> **TASK TO COMPLETE**:
All of the listing is to be written out word for word, with the pictures left out.

> **COLLECTED DATA**:
Content starts

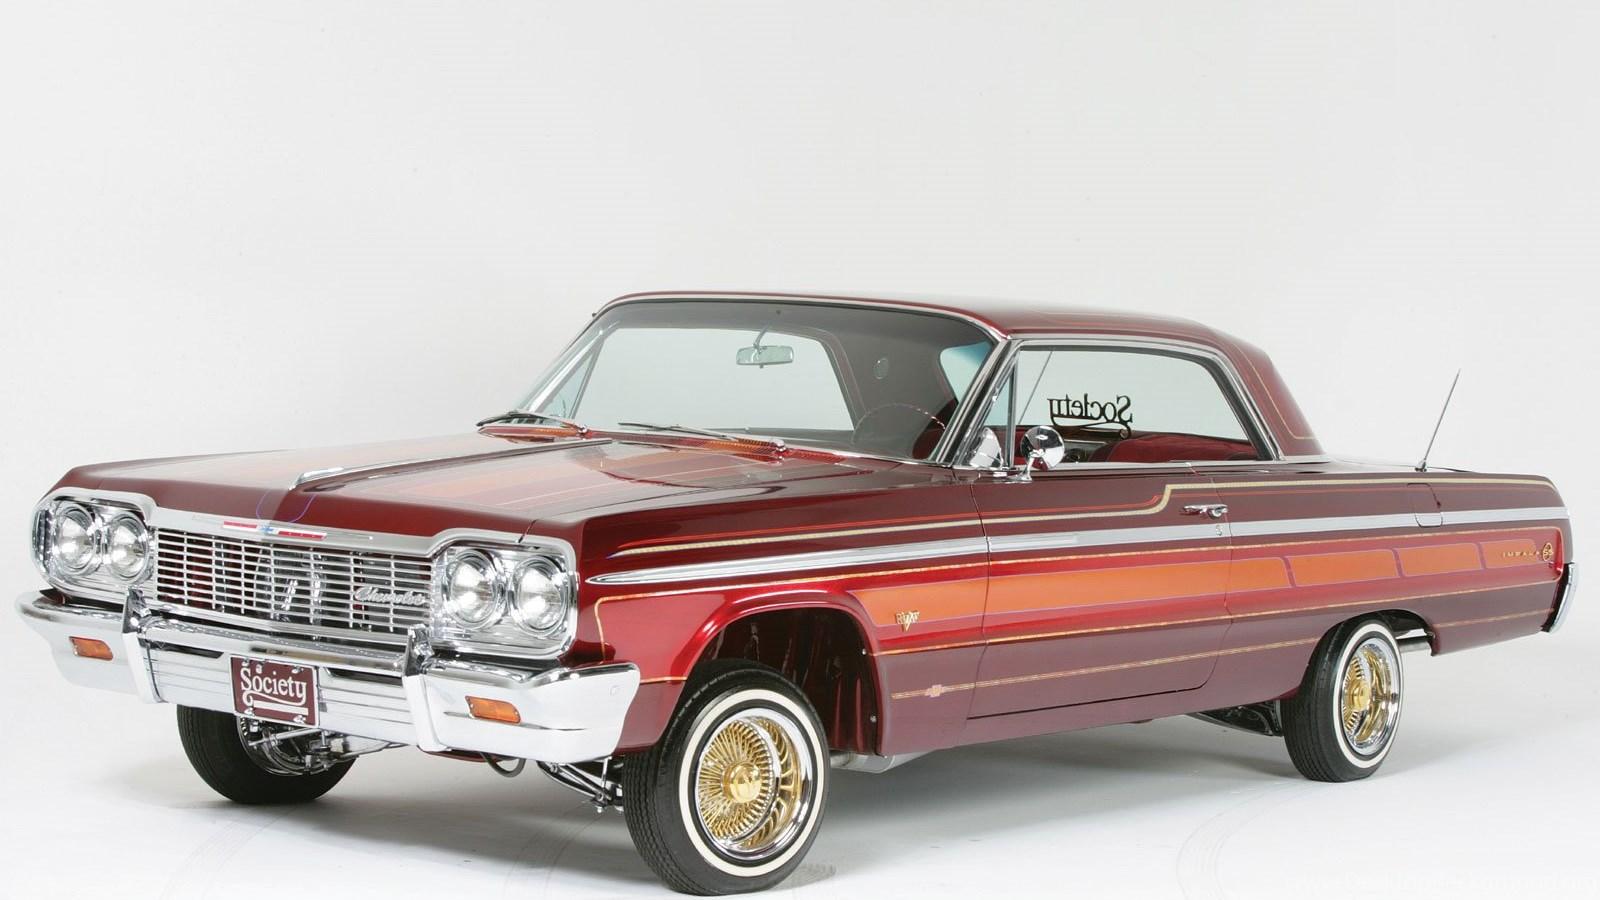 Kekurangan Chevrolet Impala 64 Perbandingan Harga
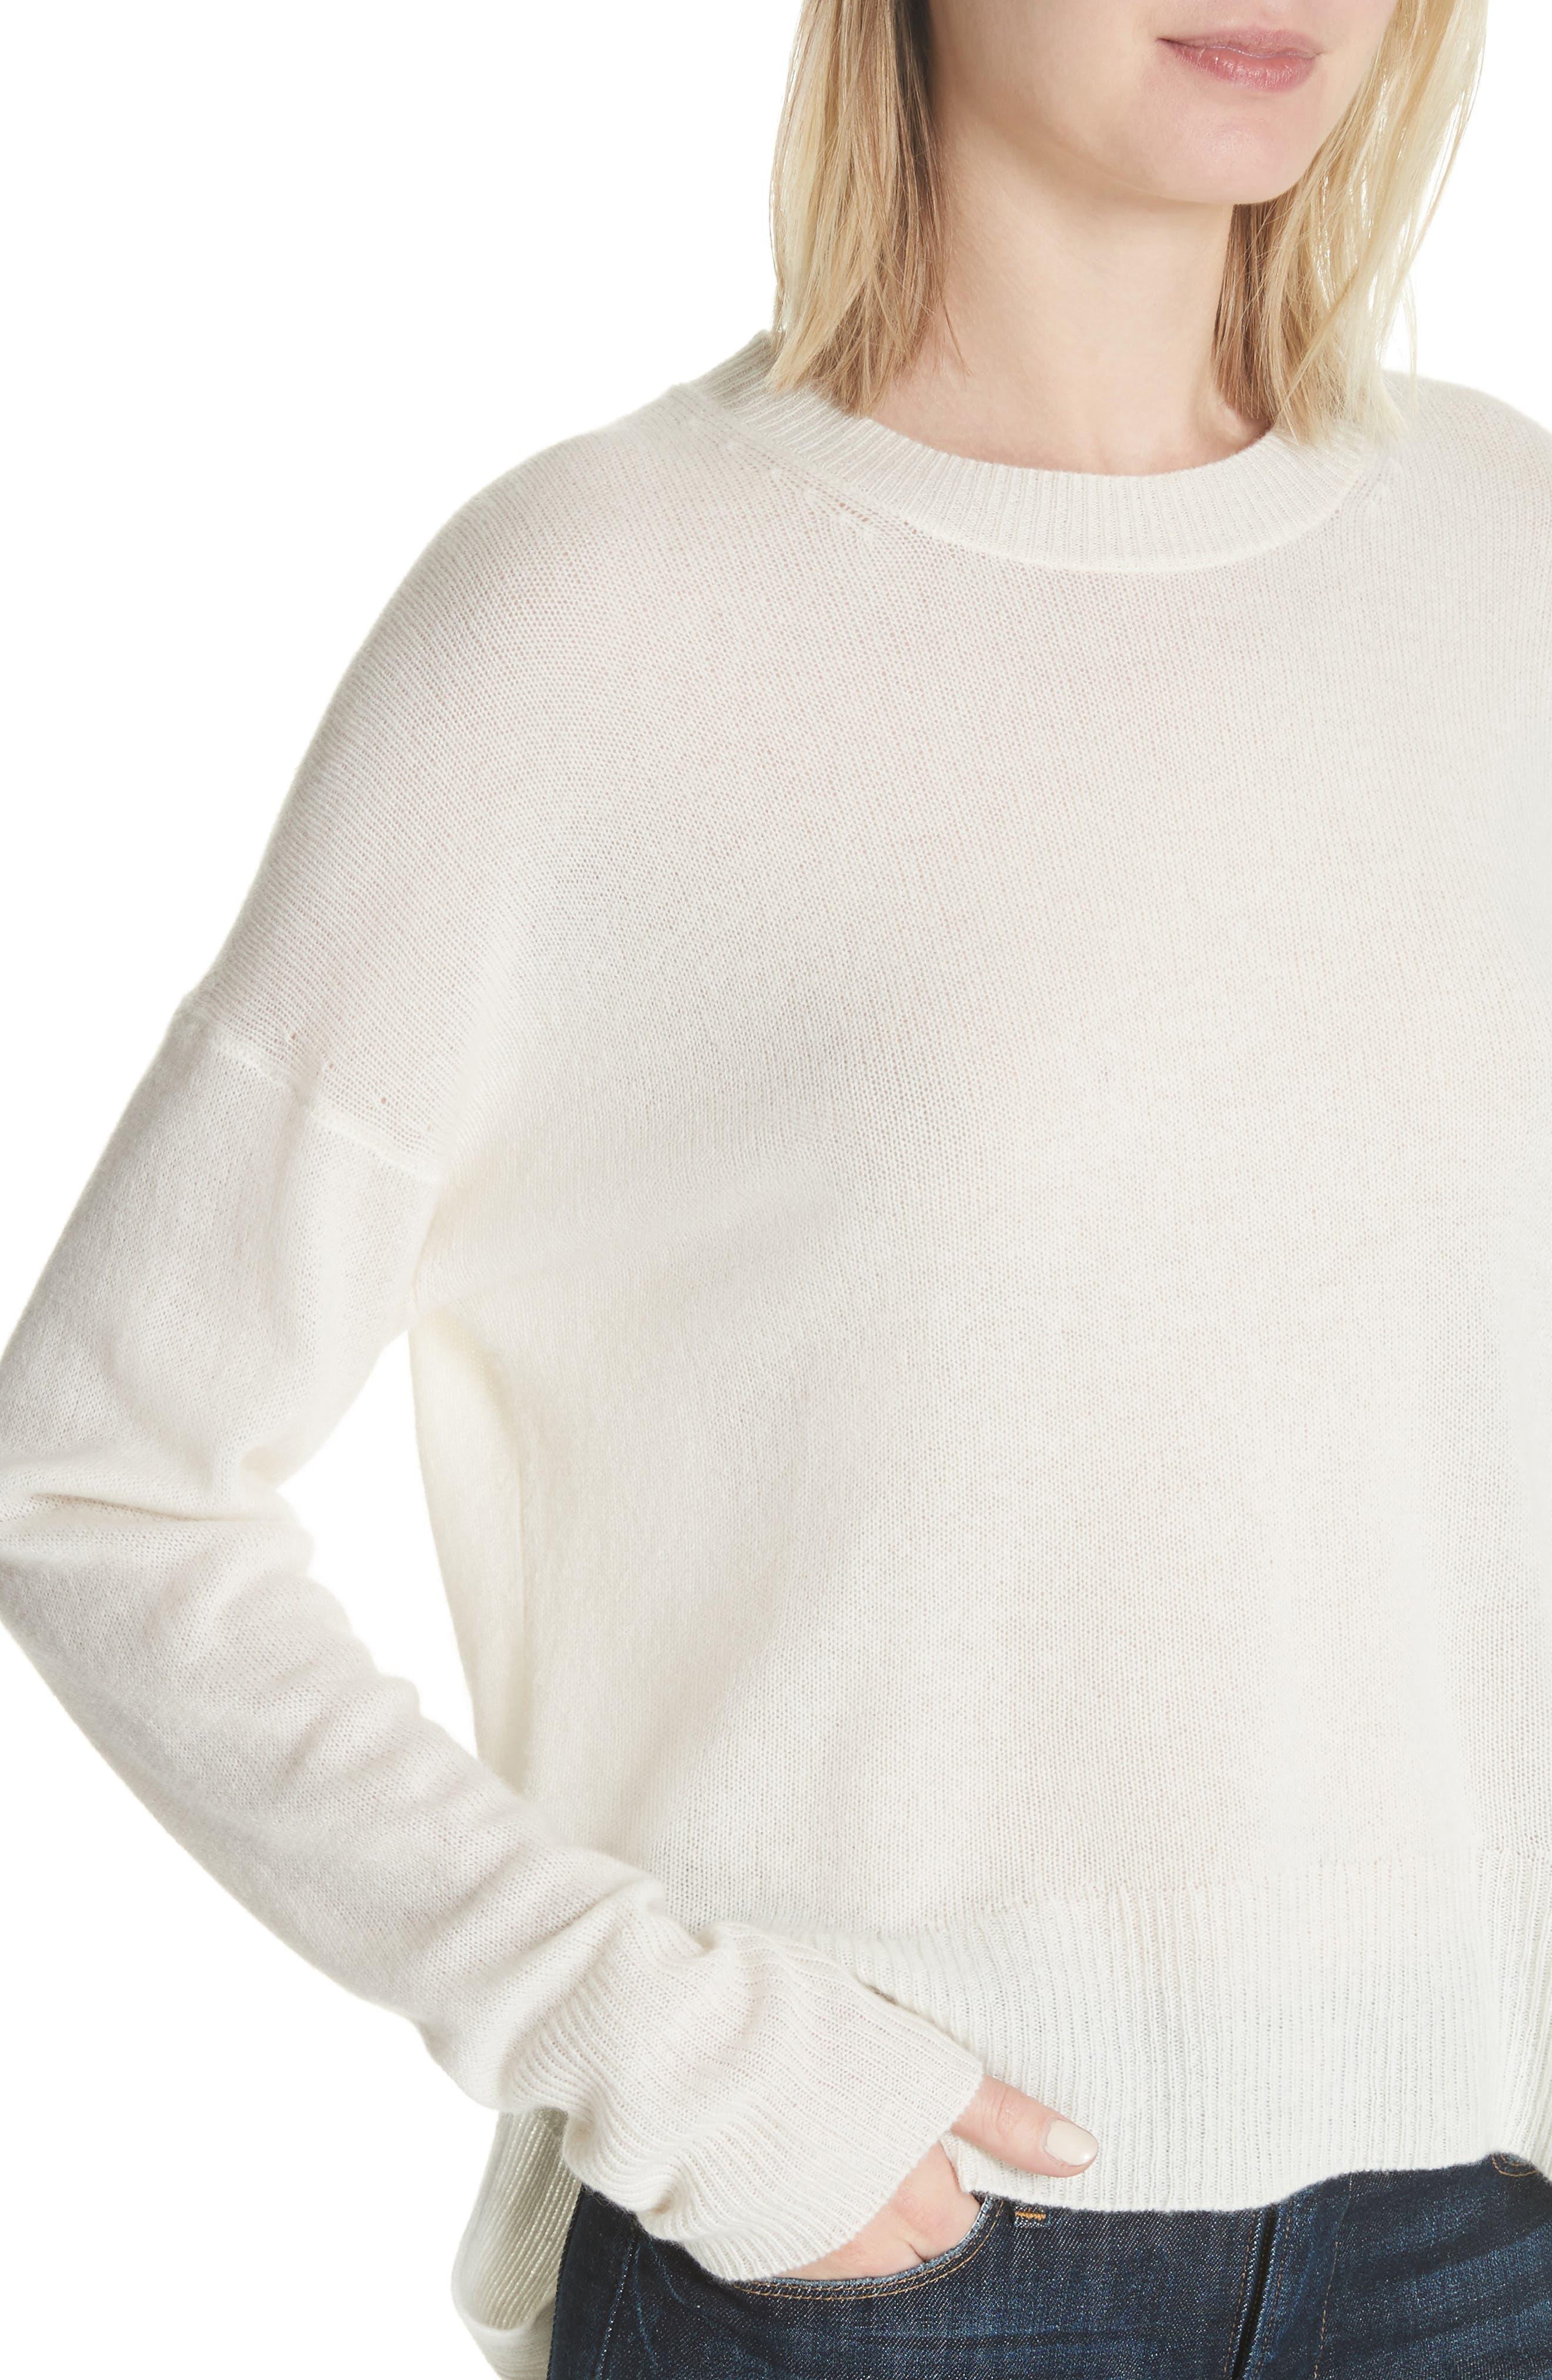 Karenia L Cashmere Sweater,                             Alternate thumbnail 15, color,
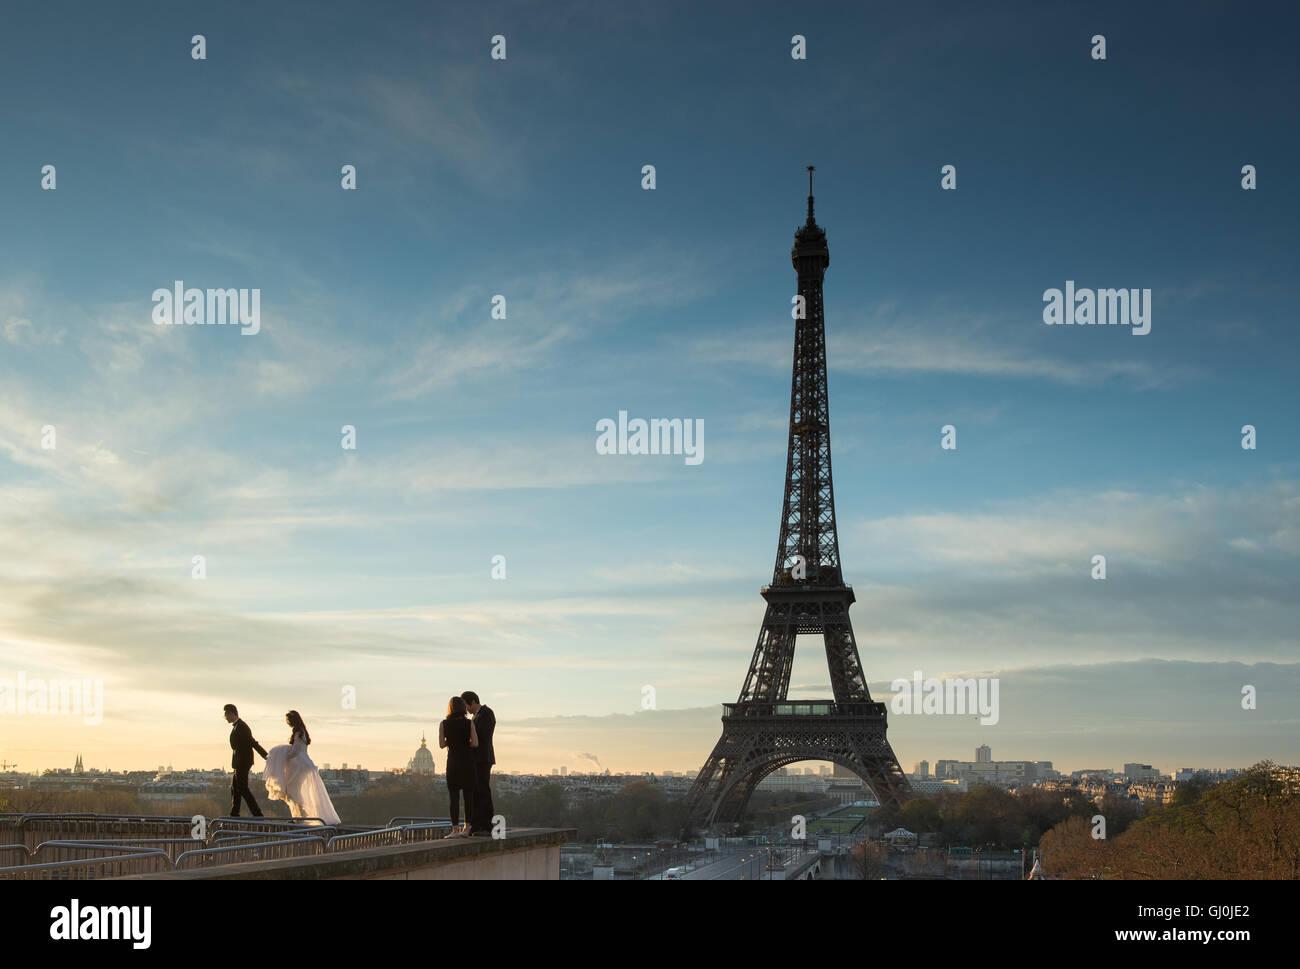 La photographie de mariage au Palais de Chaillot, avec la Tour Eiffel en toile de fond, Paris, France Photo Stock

Content ends

> **RESULT**:
 Kekurangan Chevrolet Impala 64 Perbandingan Harga
 Karenia L Cashmere Sweater,                             Alternate thumbnail 15, color,
 La photographie de mariage au Palais de Chaillot, avec la Tour Eiffel en toile de fond, Paris, France Photo Stock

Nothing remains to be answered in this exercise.